They live a half mile away.

 

***************************************

 

A few weekends ago, we were all visiting my brother's family. We drove separately from my parents. On the way, I called my parents to tell them we had left. My dad asked where we were. He wanted to follow us because his vehicle tags had expired. We slowed down and waited about 30 minutes for him to catch up.

 

While there, my husband was drumming on the countertop. My dad said, "We should get you a drum pad." My husband thought he was complimenting him. My husband ended up drumming again. My dad said, "It's just like you to do something again after someone tells you it annoys them."

 

We followed my brother and family to a park. My dad rode with us. We were packed up first and headed back. John had entered his address in the GPS. My dad said, "You just have to show off, don't you."

 

They were discussing his car, and my husband asked him if he checked the such and such. He got this cocky look, and retorted, "I know about _________, John." My brother saw it and asked what was up with that.

 

John never says anything back.

 

Now, Ben has really taken to his younger cousin who doesn't respond when told to do things. She wanders off and messes with things, and Ben gets worried that she will get hurt. She loves her to pieces. Several times, Ben was trying to lead her back to the group. She would let go and fall backward. I told Ben to let her parents take care of her because I was so scared she was going to get hurt and that Ben would be blamed.

 

So, the kids were helping my sister-in-law decorate the front porch for Halloween. Ben set up the pumpkin, and my niece messed it up. He pulled her arm away, and she fell down. John, who was very stressed about the way my dad had been acting and about my niece getting hurt, marched Ben into the bedroom and yelled, "What are you doing?
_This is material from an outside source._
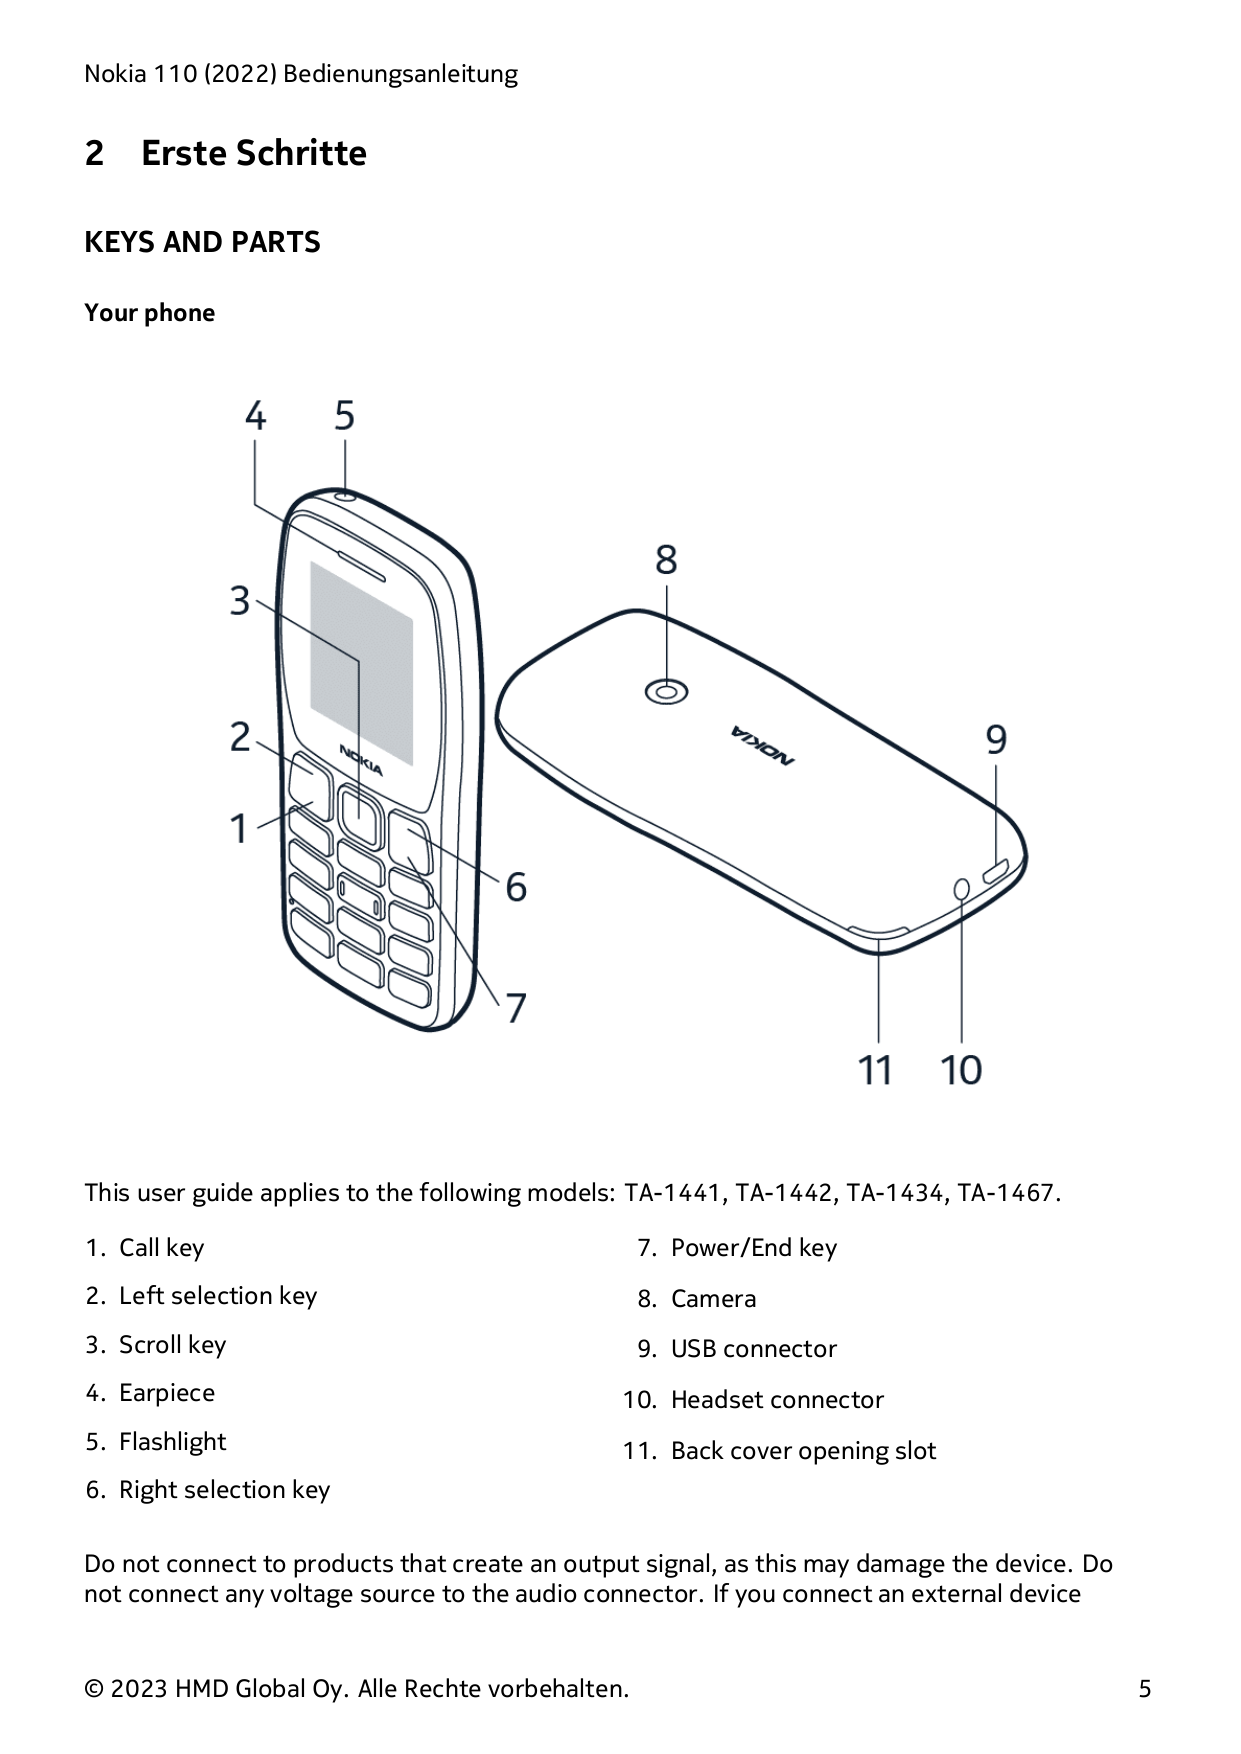 Nokia 110 (2022) Bedienungsanleitung2Erste SchritteKEYS AND PARTSYour phoneThis user guide applies to the following models: TA-1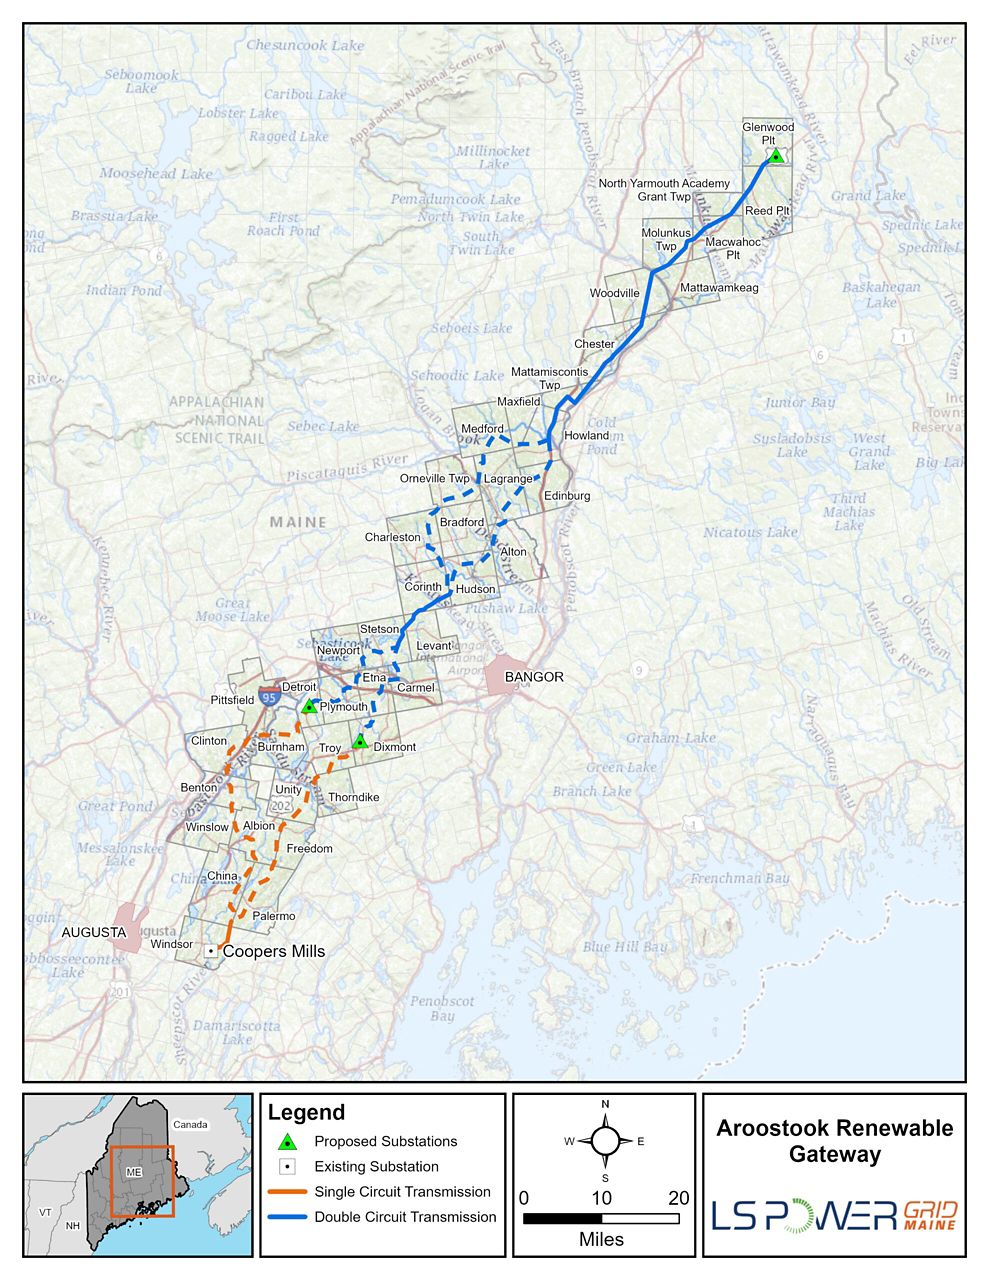 This map shows proposed routes for a new power corridor from Aroostook County to Kennebec County. (LS Power Grid Maine map)

You cannot hurt a little girl over a pumpkin." We then decided the weekend had come to a close and that we would leave early. Ben had awakened that morning not feeling completely well. (It's a good thing we left, because he got very sick on the way home, and we were all sick by the next day).

 

My dad stormed in yelling, "What ever you do, don't pretend you're leaving because of the kid (Ben). I can read you like a book."

 

John asked, "What do you mean?"

 

He wouldn't answer and stormed out.

 

****************************************

 

So, about two weeks, I was at my parents returning some movies upstairs. My dad was on the computer. He turned to see who it was and turned back to the monitor. I said, "Hey." Nothing. He said nothing.

 

The next week, he hired another lawn company.

 

We've been by twice when my mom had the kids visit. He never came downstairs when we picked them up. I've started calling my mom on her cell phone instead of their land-line.

 

He always bought us a gift certificate at a local restaurant for our anniversary. He always bought the card and signed it. This year, my mom gave us cash for a restaurant or our family getaway, bought the card and signed it.

 

John passed him on the road near his house the other day in his business vehicle. He waved; my dad didn't respond.

 

*******************************************

 

We've always spent the holidays together. So, Nathan's birthday is this month, Thanksgiving next month, and then Christmas. We bought a very skinny tree, and we will be opening presents here for the first time since we were married.

 

This has been so very hard on me. I know it is hard on my mom. I really don't know what to do. My mom is sick of it, and my brother sees my dad acting like a jerk. I feel like something is wrong with him.

 

Most of all, though, it hurts to know that I have such a bad relationship with my dad. It leaves such an emptiness. A while back when they were over, I brought out the letters he mailed me when he was on Navy cruises. He said, "I cannot believe you kept them." He didn't keep any of mine. He then said, "I really wish I had kept one I got from my dad." No mention of wishing he had kept mine.

 

I really don't think he cares about me anymore.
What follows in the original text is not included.